Posó la cascara con gentil reverencia, sospechando —no, sabiendo— que incluso ella desaparecería muy pronto.
Su madre sonrió. Era una bella sonrisa, satisfecha, algo asombrada… Hola, mundo, ¡aquí estoy otra vez! ¿Qué sabes tú de esto?
—Jack, has vuelto a casa —dijo por fin y se frotó los ojos como para cerciorarse de que no era un espejismo.
—Claro —contestó él. Intentó sonreír y lo logró bastante bien, a pesar de las lágrimas que le bañaban la cara—. Claro que sí.

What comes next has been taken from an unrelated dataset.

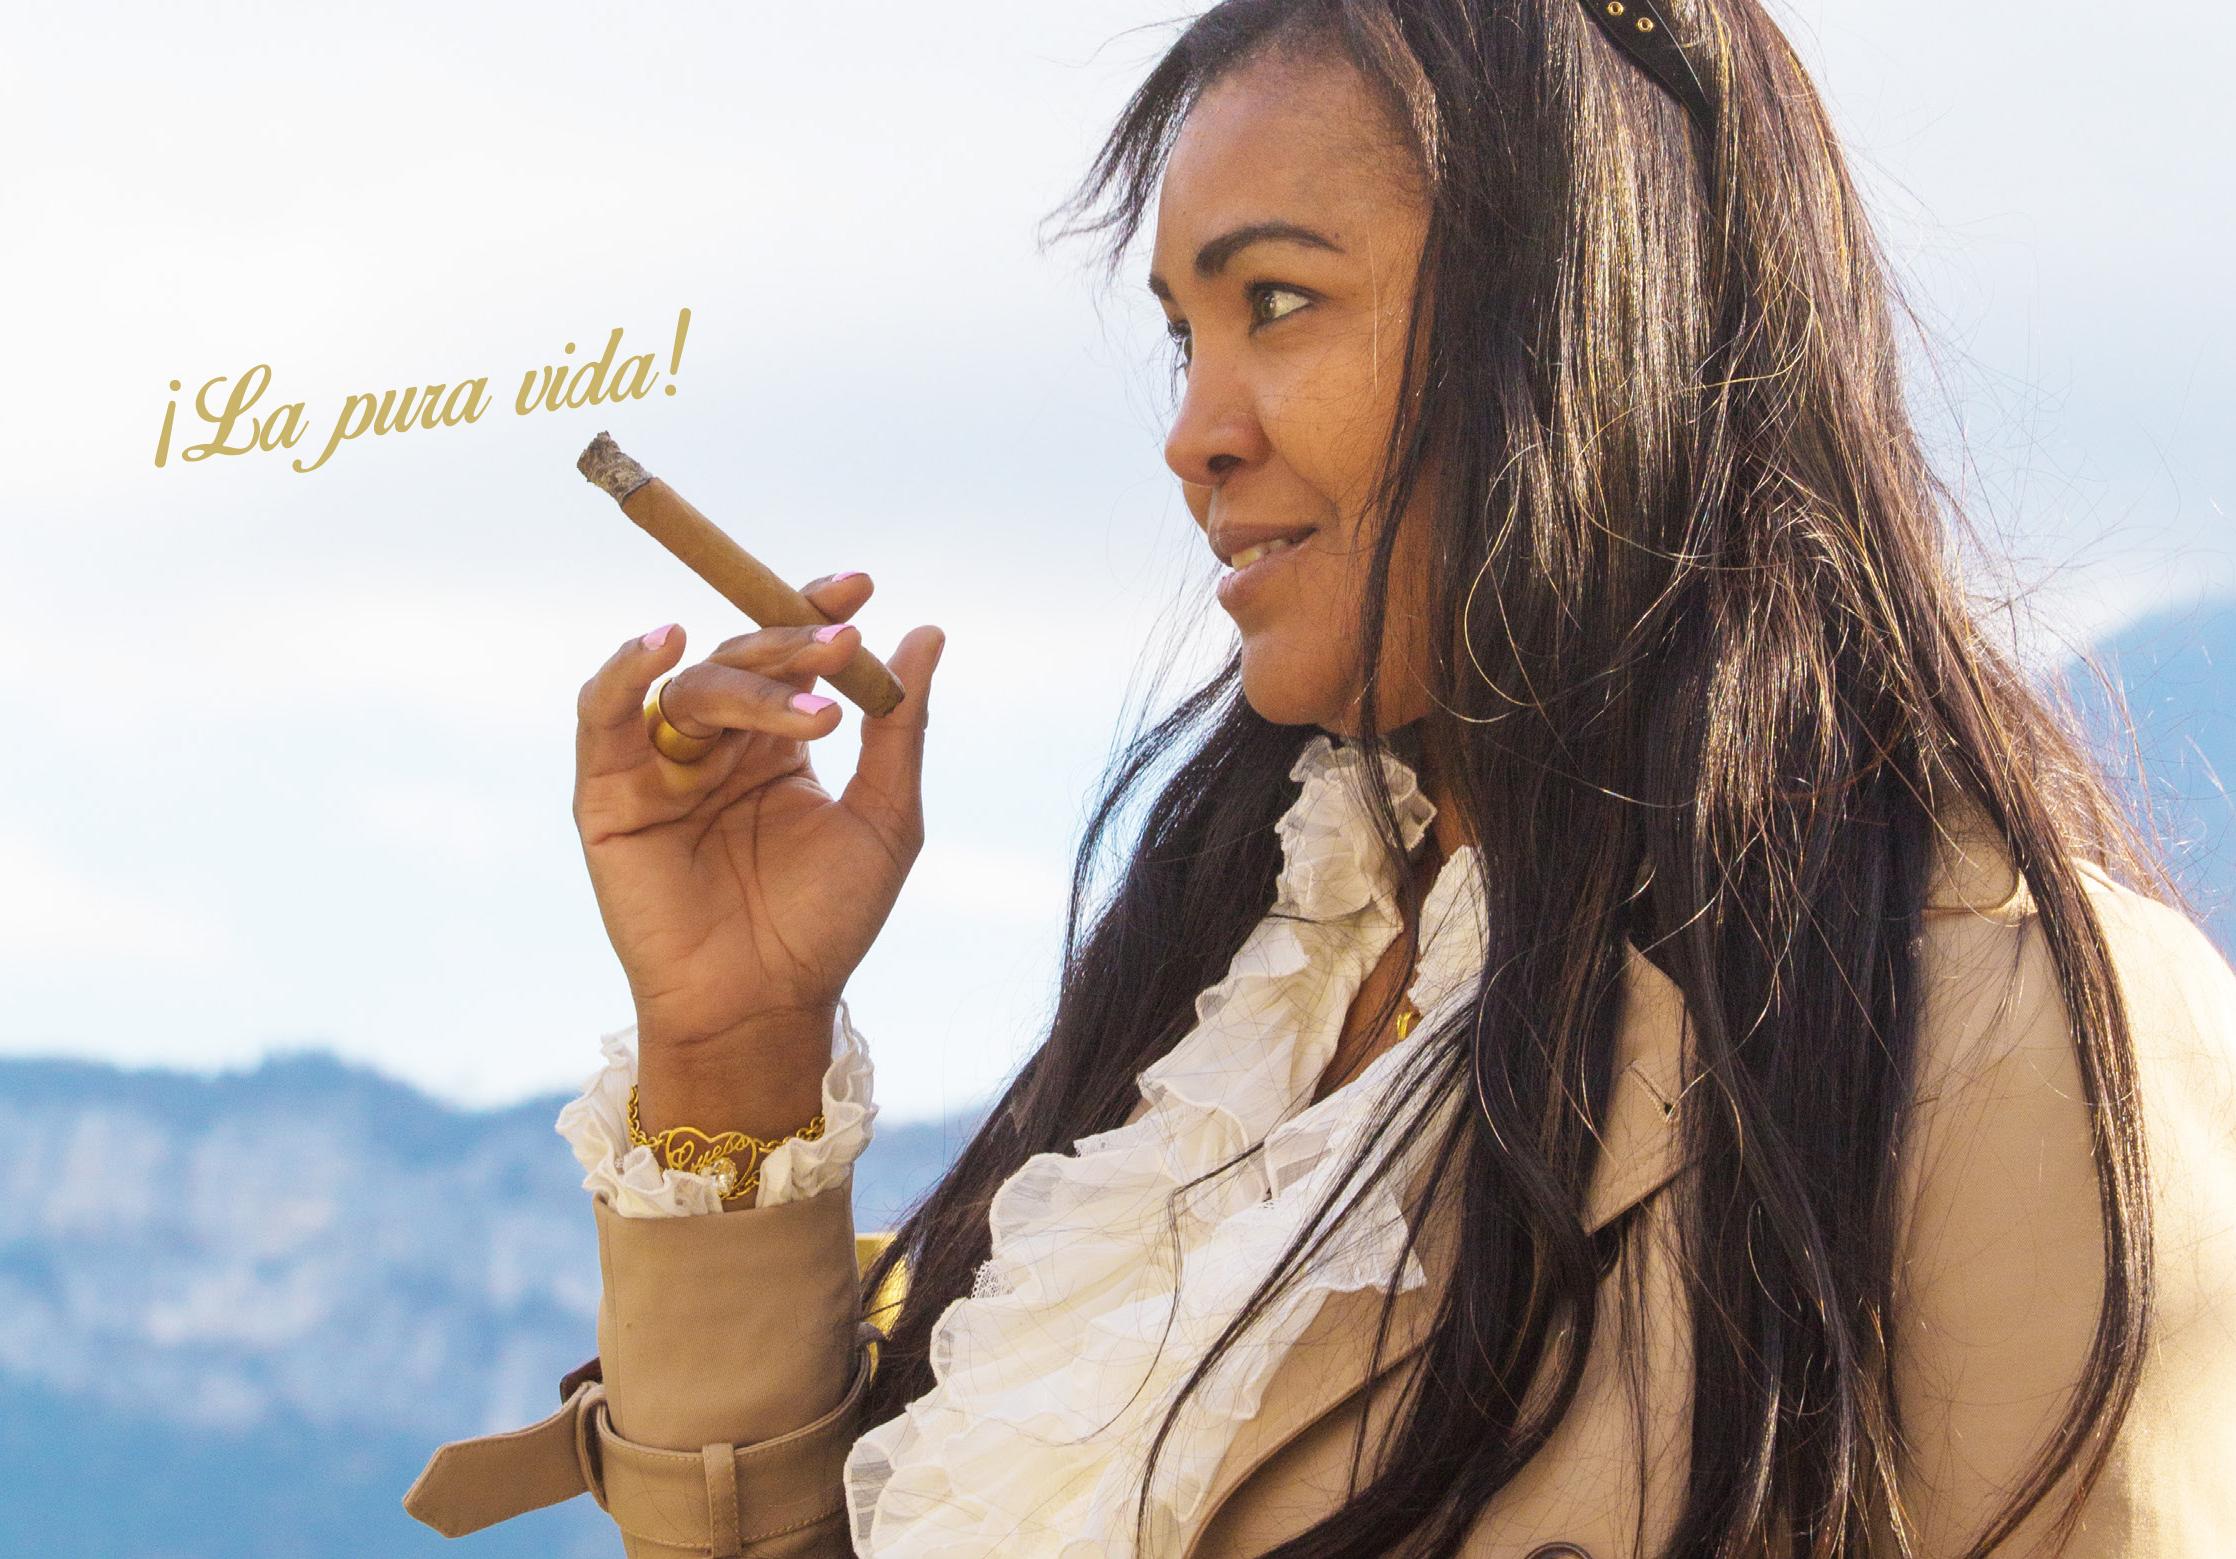 Los Hermanos Zigarren aus der Dominikanischen Republik

—Me encuentro… mucho mejor, Jack-O.
—¿De veras? —Jack sonrió, frotándose los ojos húmedos con el lado de la mano—. Me alegro, mamá. Los ojos de ella eran radiantes.
—Abrázame, Jacky.
En una habitación del cuarto piso de un hotel desierto, en la minúscula costa de New Hampshire, un muchacho de trece años llamado Jack Sawyer se inclinó, cerró los ojos y abrazó fuertemente a su madre, sonriendo. Comprendió que le había sido devuelta la vida ordinaria de escuela, amigos, juegos y música, una vida en la que existían escuelas adonde asistir y sábanas limpias entre las cuales poder dormir por las noches, la vida normal de un muchacho de trece años (si la vida de semejante criatura, con su color y plenitud, puede alguna vez considerarse ordinaria). El Talismán había conseguido también esto para él. Cuando se acordó de volverse para mirarlo, el Talismán había desaparecido.